Chase was about to check on Lee when he reached for his knife. The Captain saw him and reached for his gun. About to pull the trigger, the knife landed next to the Captain with the head of a copperhead staring up at him.

"What…." The Captain jerked about and saw that Chase had killed a snake almost wrapping around his neck, next to him. The rest of the snake slid over his shoulder, and the Captain threw it for several yards. His face screwed up into a frown as he tossed it.

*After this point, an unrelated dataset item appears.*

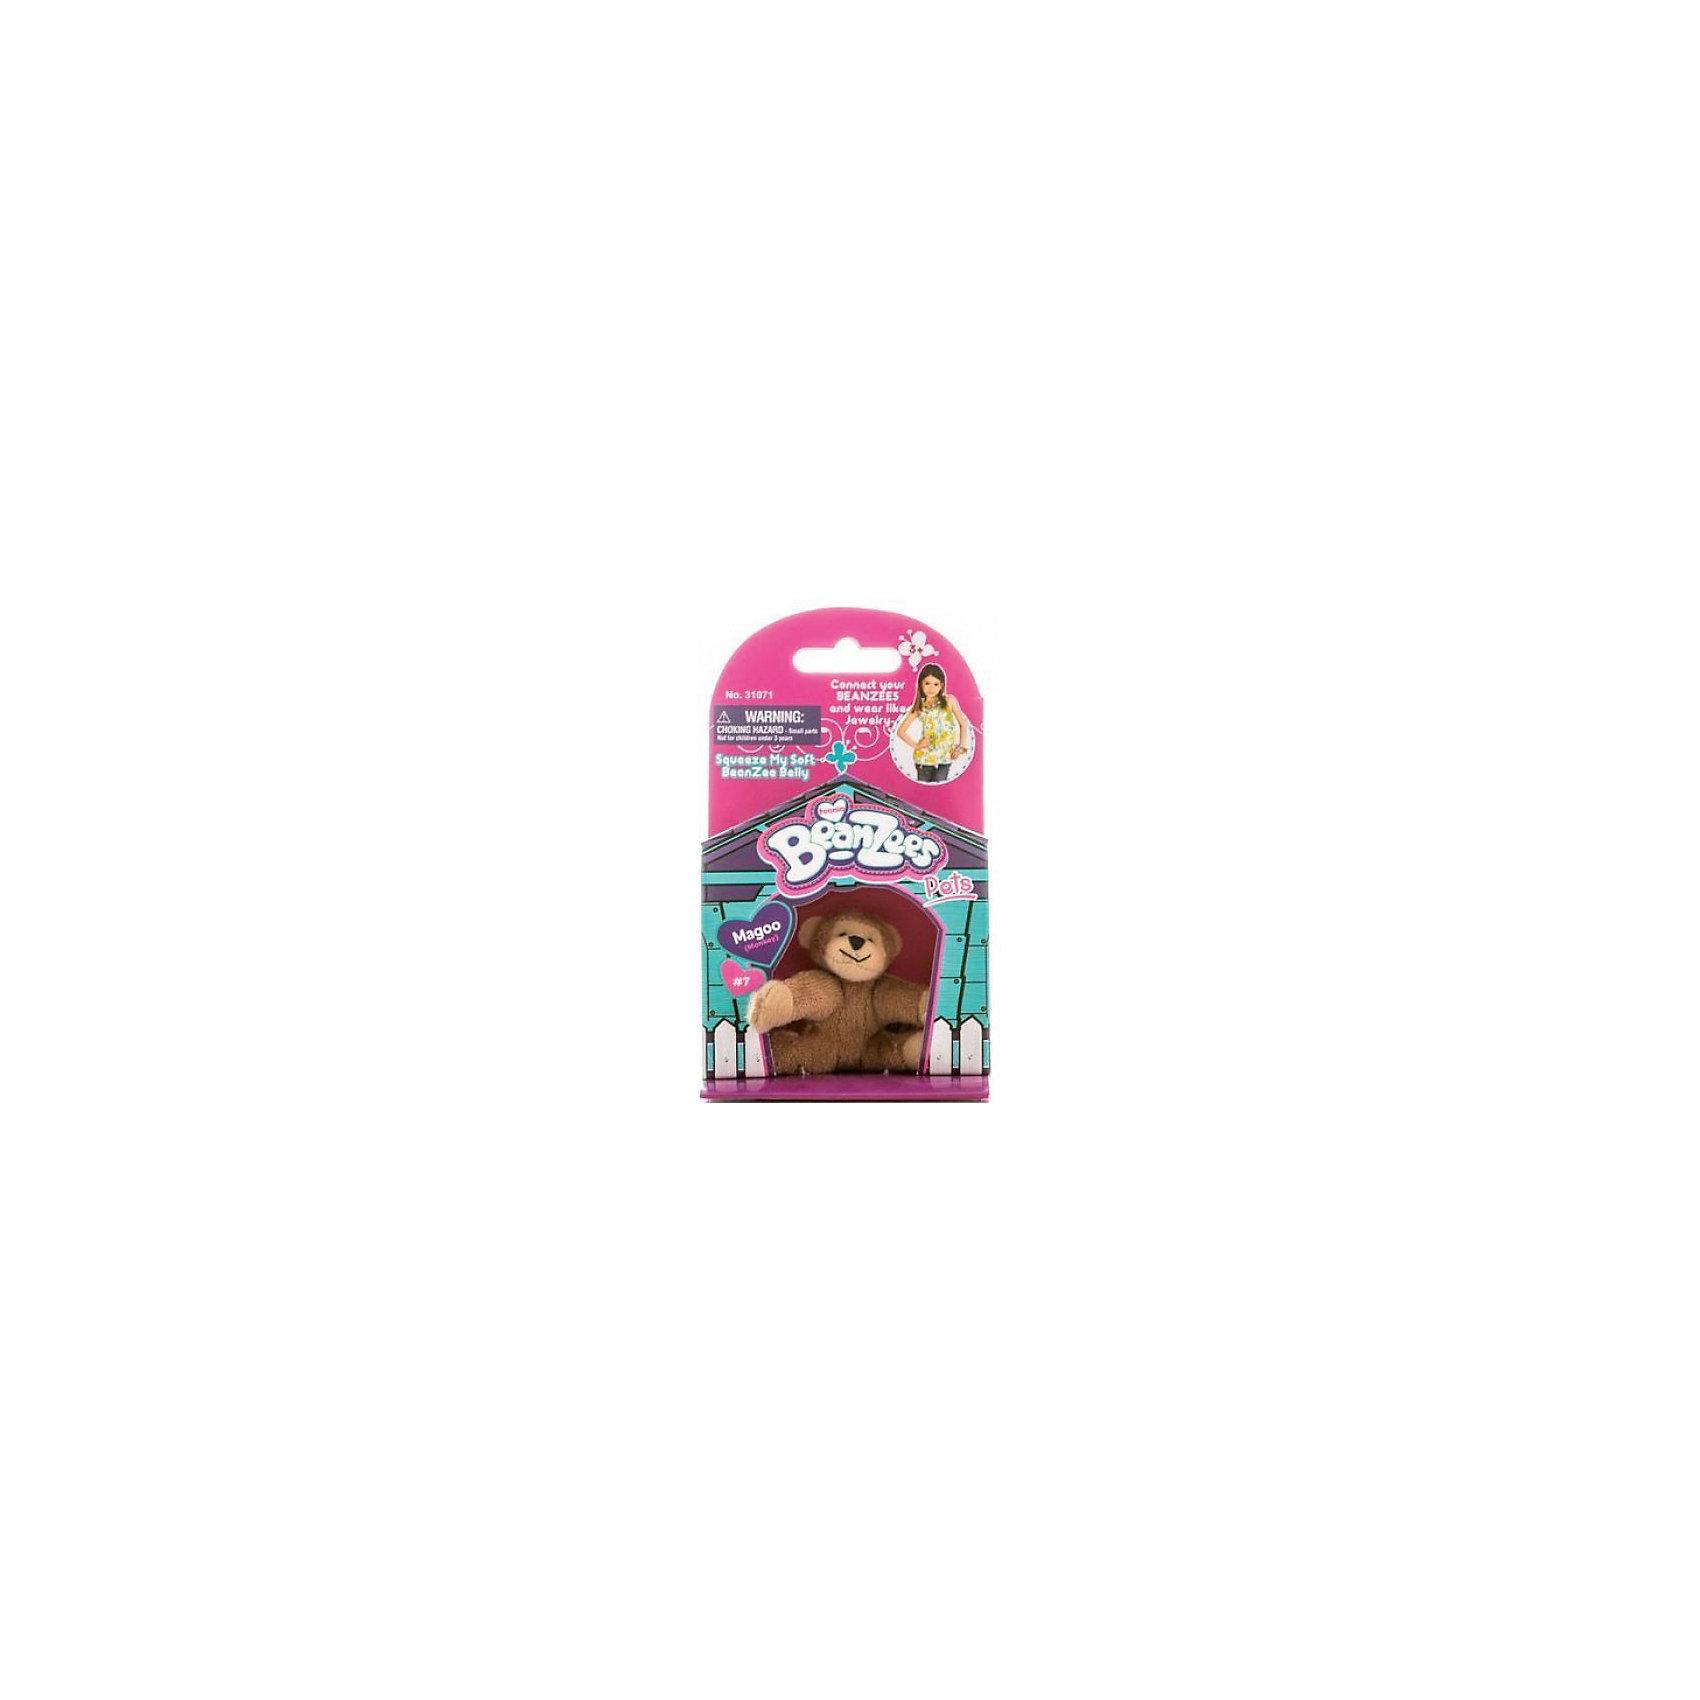 Мини-плюш Обезьянка, BeanzeezМягкие игрушки животные<br>Характеристики товара:<br><br>• особенности: наличие на лапках липучек, игрушку можно соединять с другими героями из серии<br>• материал: пластик, текстиль<br>• размер упаковки: 9х5,5х14,5 см.<br>• высота игрушки: 5 см<br>• возраст: от 3 лет<br>• страна бренда: США<br>• страна производства: Китай<br><br>Такая симпатичная игрушка не оставит ребенка равнодушным! Какой малыш откажется поиграть с маленькими плюшевыми игрушками из большой пушистой коллекции?! Игрушки очень качественно выполнены, поэтому такая фигурка станет отличным подарком ребенку. Благодаря липучкам на лапках животных можно соединить между собой. Дети приходят в восторг от этих игрушек!<br>Такие предметы помогают ребенку отрабатывать новые навыки и способности - развивать ловкость, мелкую моторику, воображение, мышление, логику. Изделие производится из качественных сертифицированных материалов, безопасных даже для самых маленьких.<br><br>Мини-плюш Мишка от бренда Beanzeez можно купить в нашем интернет-магазине.<br><br>Ширина мм: 50<br>Глубина мм: 140<br>Высота мм: 85<br>Вес г: 73<br>Возраст от месяцев: 36<br>Возраст до месяцев: 2147483647<br>Пол: Женский<br>Возраст: Детский<br>SKU: 5218678

He lowered the gun. "I'm sorry…"

Chase smiled, his gaze going over the Captain with renewed interest. "No harm done. And snake makes a tasty treat."

"To eat?" the Captain sneered, his frown deepening.

"Yep, to eat." Chase chuckled.

Taking the snake he proceeded to cut him up, and he made a small fire against the rocks to cook it.

"This won't take too long, then we'll feel better and we can make it to the station by tomorrow. We'll push on through the day so we can get there. Although, we will need a plan, to outfox Hawks. He isn't the smartest, but he's clever. Captain, whether you believe all I've said, you have to understand that Hawks is a dangerous man and he'd as soon kill us as look at us. Although he is only one man, he is dangerous, as Katherine said. I've come to respect how dangerous since I counted the bodies at the shack. So if you have any ideas on how to capture him, I'd appreciate you sharing them."

"What do you think he'll do, once he finds out we are alive?" The Captain speculated.

"He'll try to kill us. We know he killed those boys. He'll have to kill us, if he wants to survive."